Кандидат любил во всем ясную формулировку:
— То есть что расхлебывать?
Но доктор ничего не ответил.
Полицмейстер расправил свою бороду очень резко и заметил, ни к кому не обращаясь:
— Ничего меня так не раздражает, как трусость.
Надворный советник надвинул на глаза шляпу.
В это время дроги въехали в кольцо казачьего конвоя подле тюремных ворот.
На извозчичьей пролетке, съежившись, сидел товарищ прокурора. Он покачал головой и сказал, когда дроги поравнялись с ним:
— Что же так долго, господа?
Какая-то юркая тень скользнула к воротам. Они распахнулись.
Очень высокий тенор скомандовал:
— А-а-у-ау!
Лошади зацокали подковами в грязи, у каждой из них сбоку шелохнулись бесформенные фигуры, потом эти фигуры неслышно поднялись, выросли, стали всадниками, и опять непонятное крикнул тенор:
— О-о-ы!
Переваливаясь на рессорах, выехала из ворот толстая тяжелая карета, и неизвестно кто спросил громко:
— Можно?
Товарищ прокурора взглянул на кандидата:
— Ничего не забыли?
Тогда доктор начал торопливо похлопывать по карманам, как всегда дома, в передней, перед уходом в больницу, и сказал вслух:
— Кажется, все…
Двинулись так: впереди карета, за ней дроги, потом пролетка с товарищем прокурора. Все это обхватило растянувшееся кольцо казачьего конвоя.

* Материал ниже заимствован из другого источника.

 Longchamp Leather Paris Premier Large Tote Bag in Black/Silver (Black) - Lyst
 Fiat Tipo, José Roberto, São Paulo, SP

Земля, кусты, деревья — весь лес — окунулись в жидкое голубоватое молоко. Бывают такие камни — бледно-голубые; вот если погасить эти камни, вынуть из них свет, то они станут такими, как краска раннего утра в лесу.
Довольно глубоко в осиновой чаще сереет круглая плешинка поляны. Лес прилег на возвышенности. Тут еще не везде стаял снег, и его заплатки белеют у корней низкорослых осин.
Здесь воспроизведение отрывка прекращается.